Isoform Gazer integrates two complementary data modalities using a shared GTF reference to provide integration across sequencing technologies and datasets:

Long-Read Isoform Data (Human & Mouse)

  • Data Sources: ENCODE4 PacBio long-read RNA-seq
  • Data Overview: 199,406 RNA transcripts across 55 human cell types and 170,977 transcripts across 9 mouse cell types
  • Data Processing:
    • Raw reads aligned with Minimap2 and filtered for high-quality mappings (MAPQ ≥ 60)
    • Full-length reads selected based on annotated first and last exon overlap
    • Isoforms collapsed using FLAIR logic based on shared internal junction coordinates
    • High-confidence transcripts required ≥10 supporting reads across all samples
    • Novel isoforms assigned reproducible hash-based identifiers (SHA256)

For a full description of the data processing pipeline, please refer to the associated preprint by Schertzer, M., Park, S., et al. (2025) and its accompanying repository for all analysis scripts.

Single-Cell Smart-seq2 Junction Data (Human & Mouse)

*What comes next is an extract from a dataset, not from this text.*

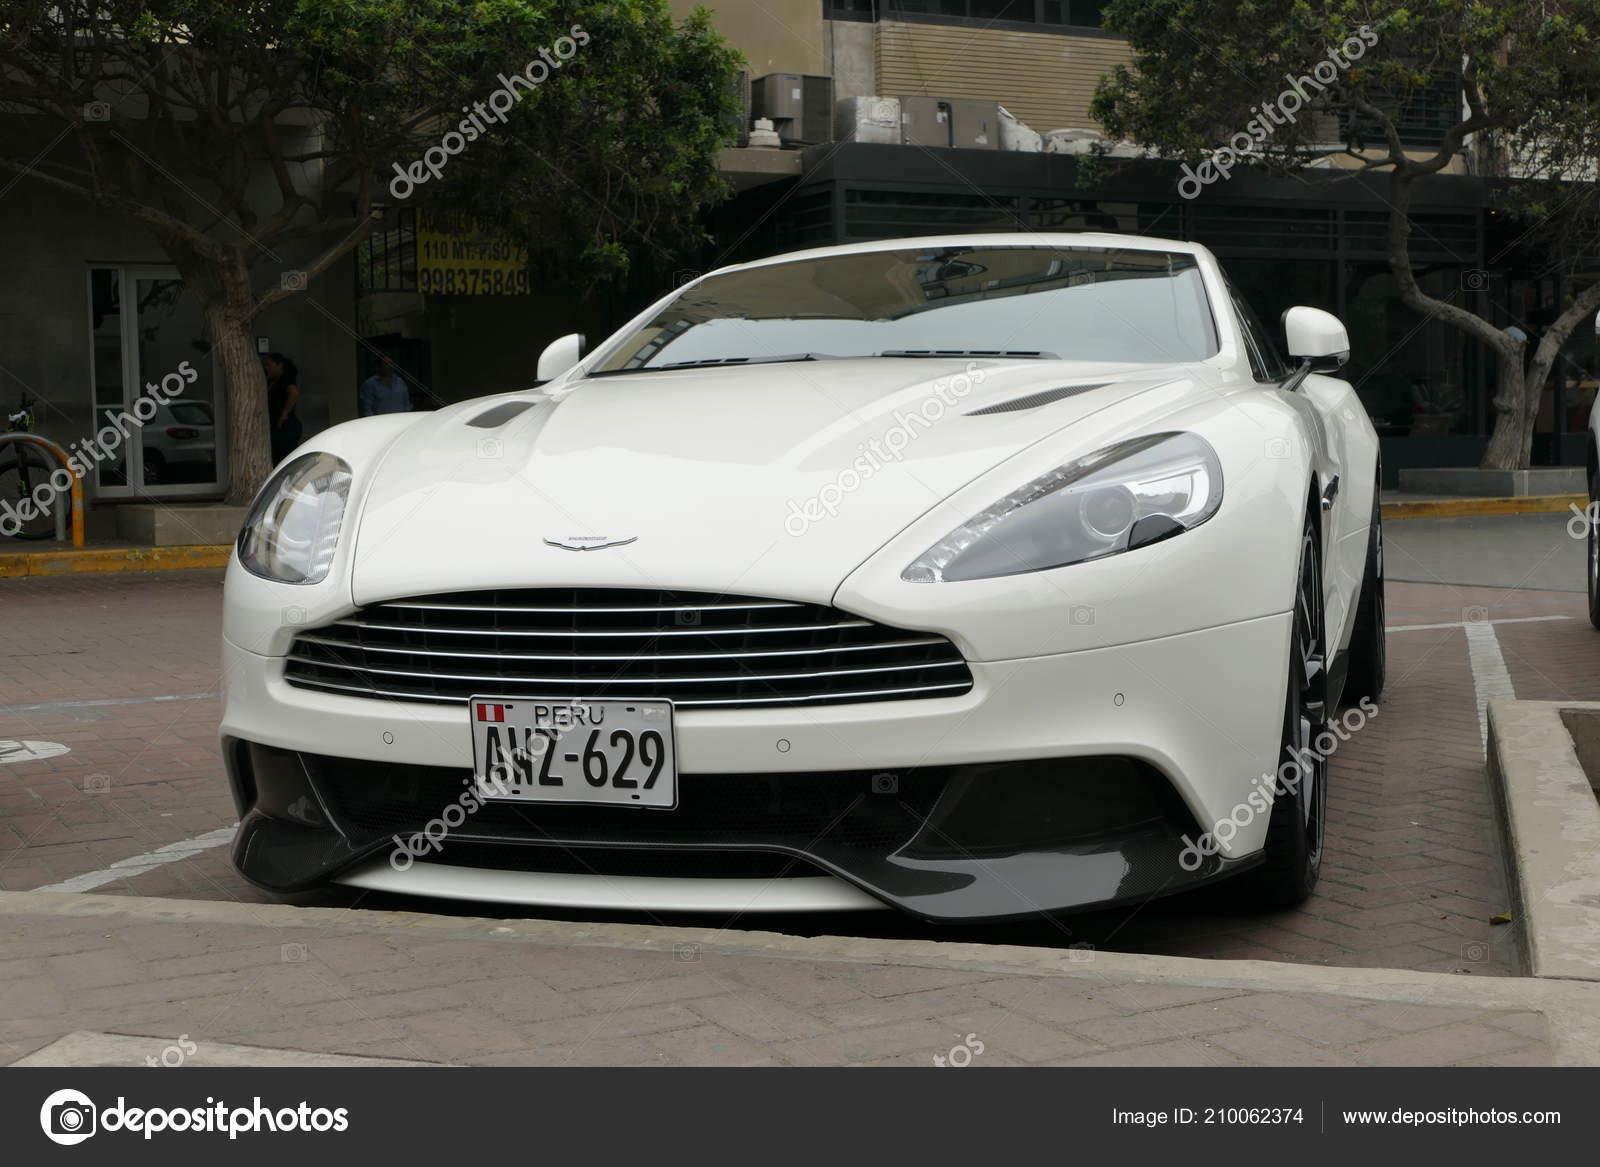 Lima Peru February 2018 Front View Mint Condition White Aston

  • Data Sources: Publicly available Smart-seq2 datasets from:
    • Tabula Sapiens V2 (human)
    • Tabula Muris Senis (mouse)
    • Allen Brain Atlas human brain single-nuclei Smart-seq2
    • Allen Brain Atlas mouse single-nuclei RNA-seq
  • Data Overview:: 12,491,650 junctions across 50 human cell types and 14,462,791 junctions across 50+ mouse cell types
  • Data Processing:
    • Splice junctions extracted using Regtools and ATSEmapper pipeline
    • Validated canonical splice site motifs (GT-AG, GC-AG, AT-AC)
    • Annotated relative to long-read derived GTF files for direct integration
    • Alternative Transcript Structure Events (ATSEs) identified via splice graph construction
    • Single-cell counts aggregated into pseudobulk profiles by cell type

For a full description of the data processing pipeline, please refer to the associated LeafletFA preprint by Isaev, K. (2025) and the accompanying ATSEmapper pipeline repository for all analysis scripts.

Data Availability

To run Isoform Gazer locally, master table data is available through the v0.0.0 prerelease.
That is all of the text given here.